(Information shown Opens)

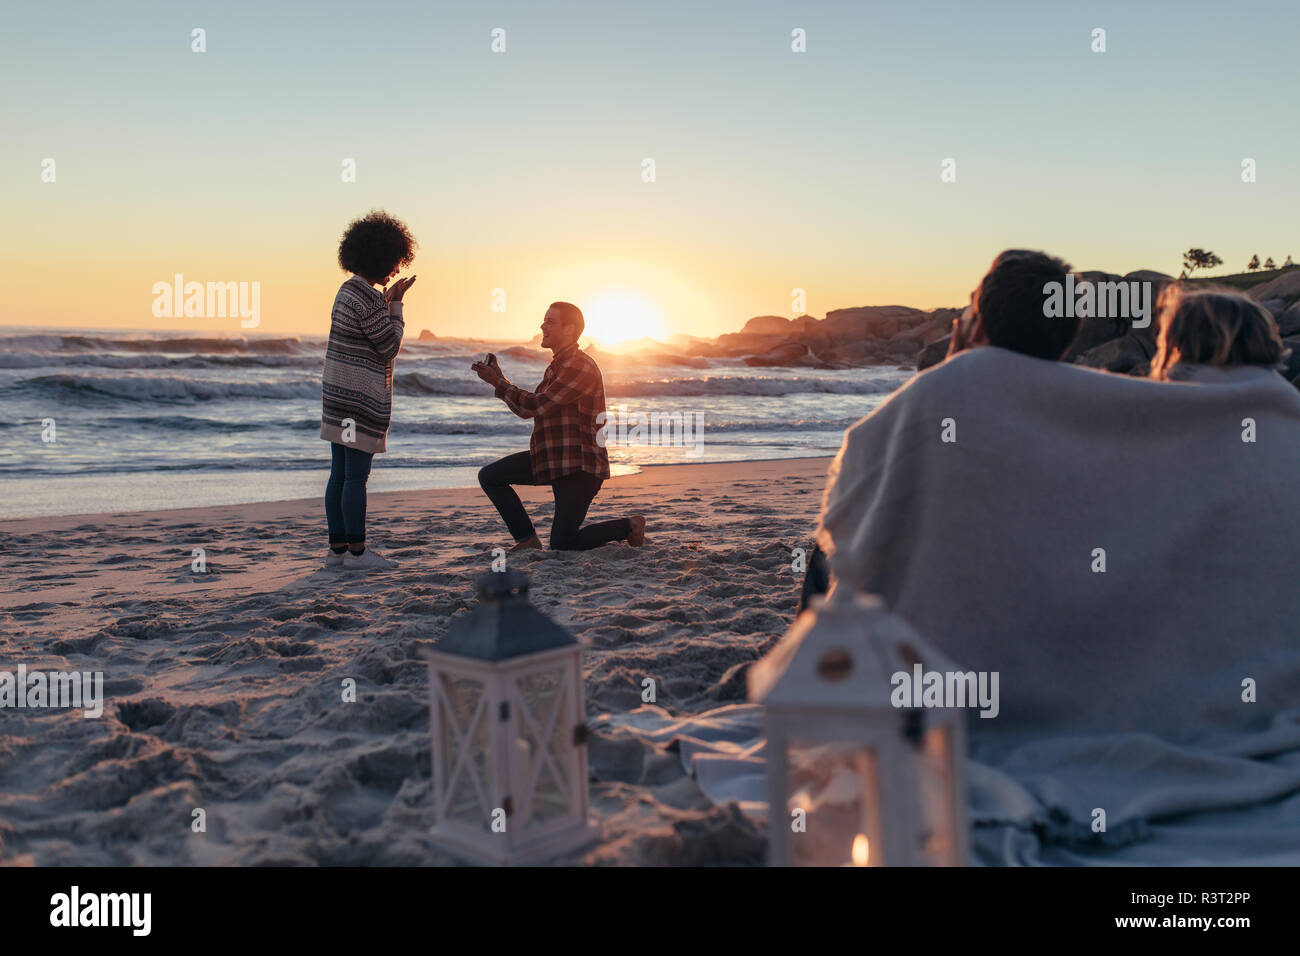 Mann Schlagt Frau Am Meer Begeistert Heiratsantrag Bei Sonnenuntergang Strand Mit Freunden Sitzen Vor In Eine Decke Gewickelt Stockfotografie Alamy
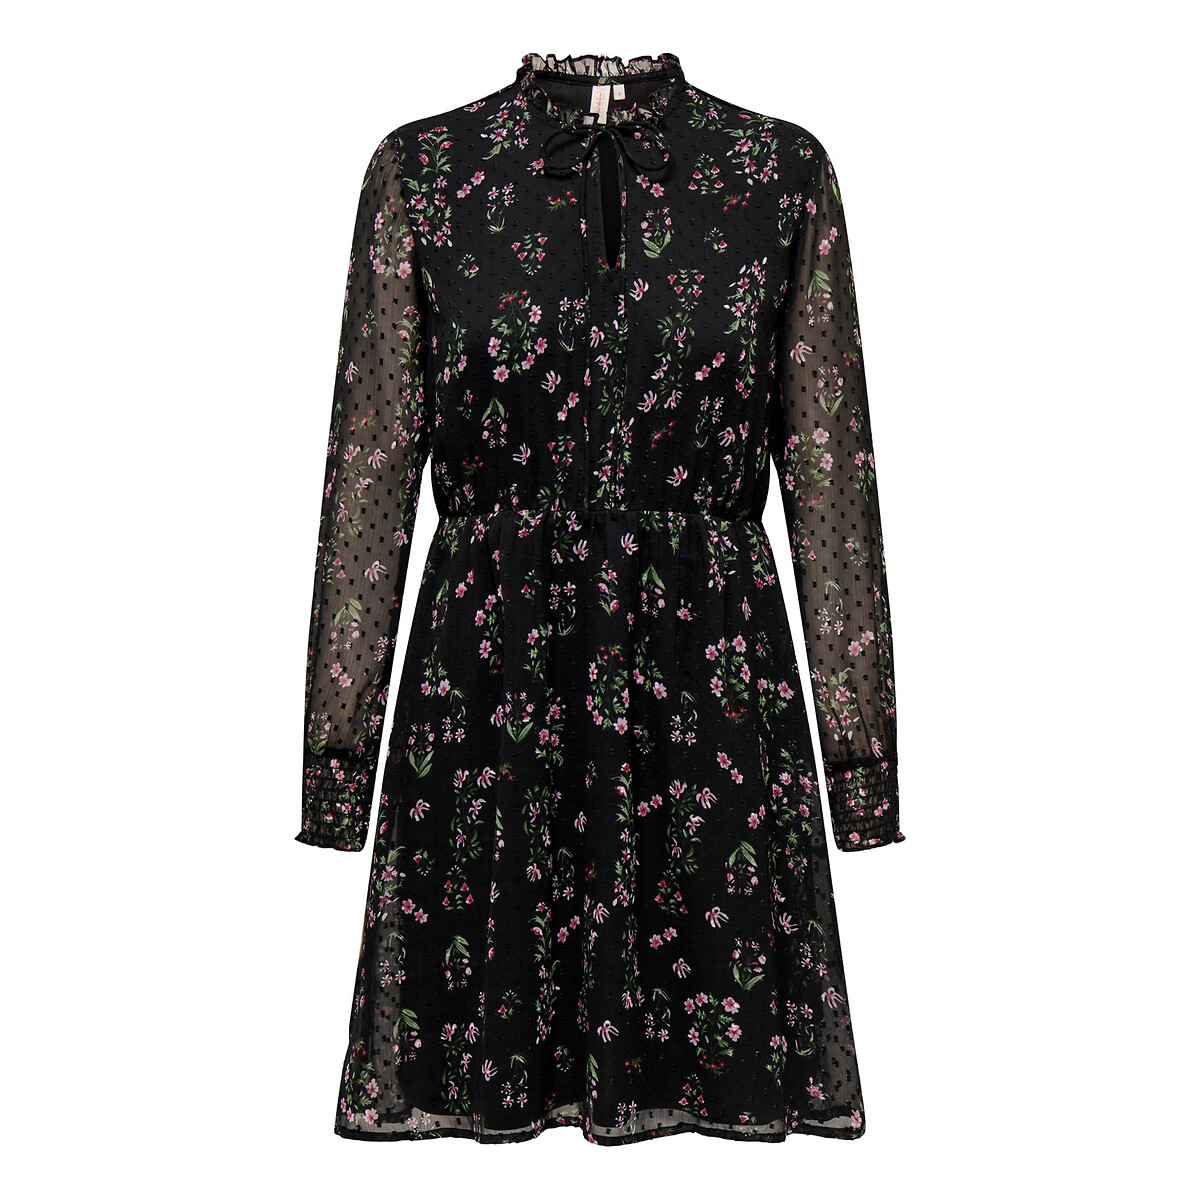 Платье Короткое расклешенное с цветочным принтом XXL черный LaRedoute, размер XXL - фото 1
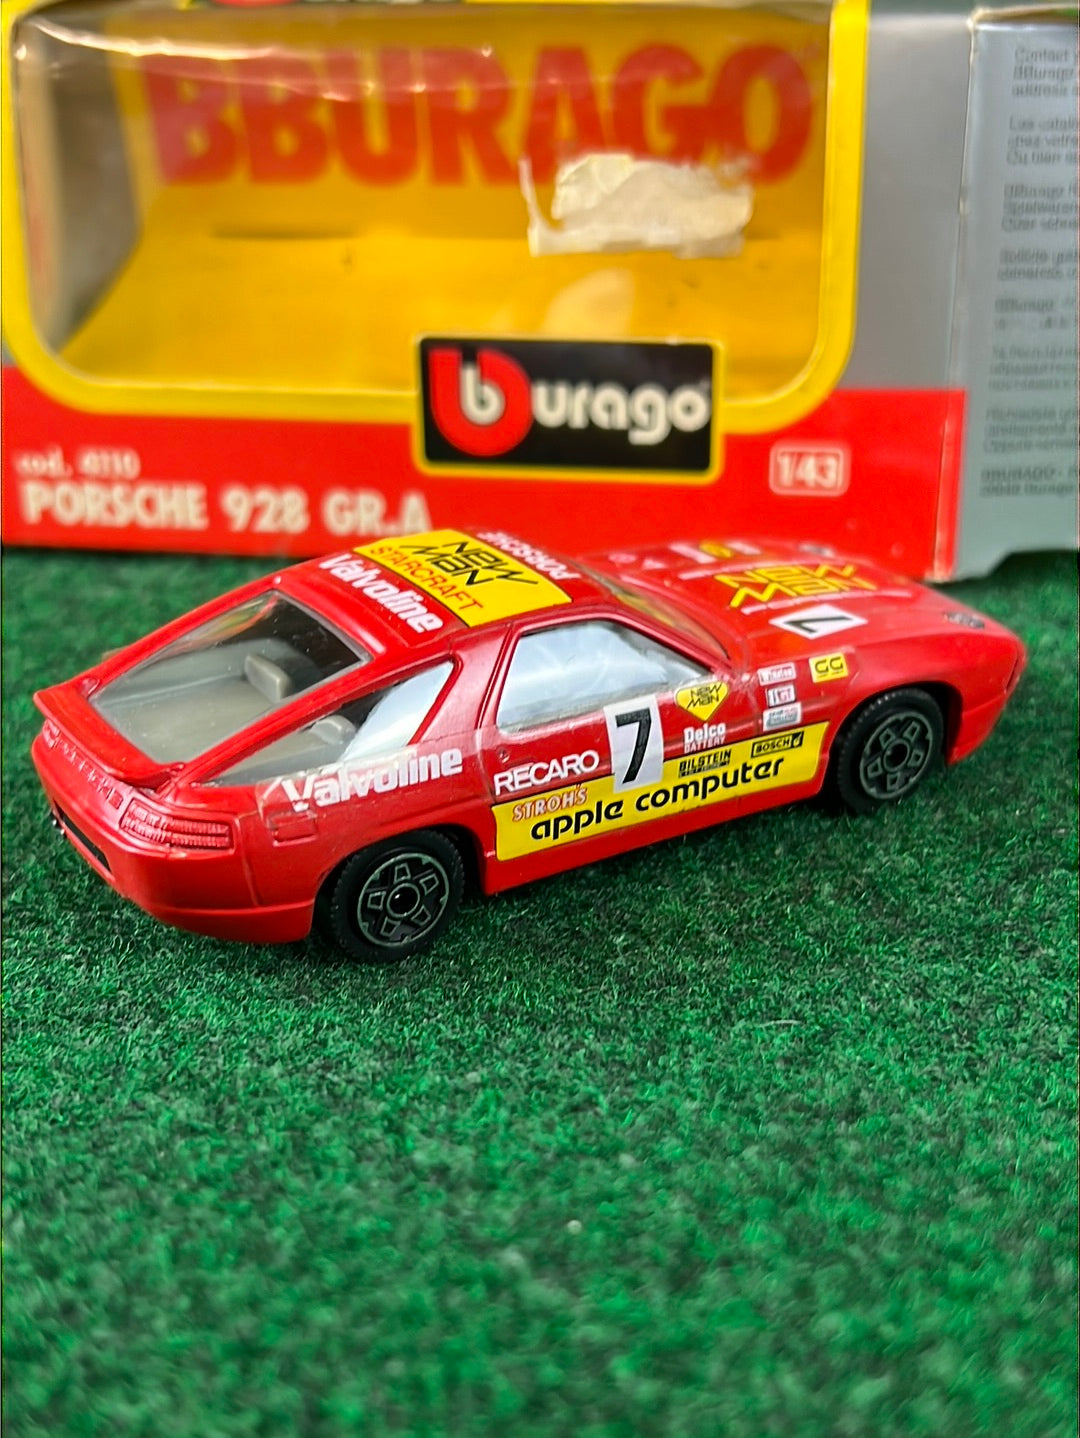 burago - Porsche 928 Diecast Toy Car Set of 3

(Information shown Closes)

Directions for this task: Pictures do not belong in the copy; repeat the rest of the listing exactly.

Reply:
 Mann Schlagt Frau Am Meer Begeistert Heiratsantrag Bei Sonnenuntergang Strand Mit Freunden Sitzen Vor In Eine Decke Gewickelt Stockfotografie Alamy
 Платье Короткое расклешенное с цветочным принтом XXL черный LaRedoute, размер XXL - фото 1
 burago - Porsche 928 Diecast Toy Car Set of 3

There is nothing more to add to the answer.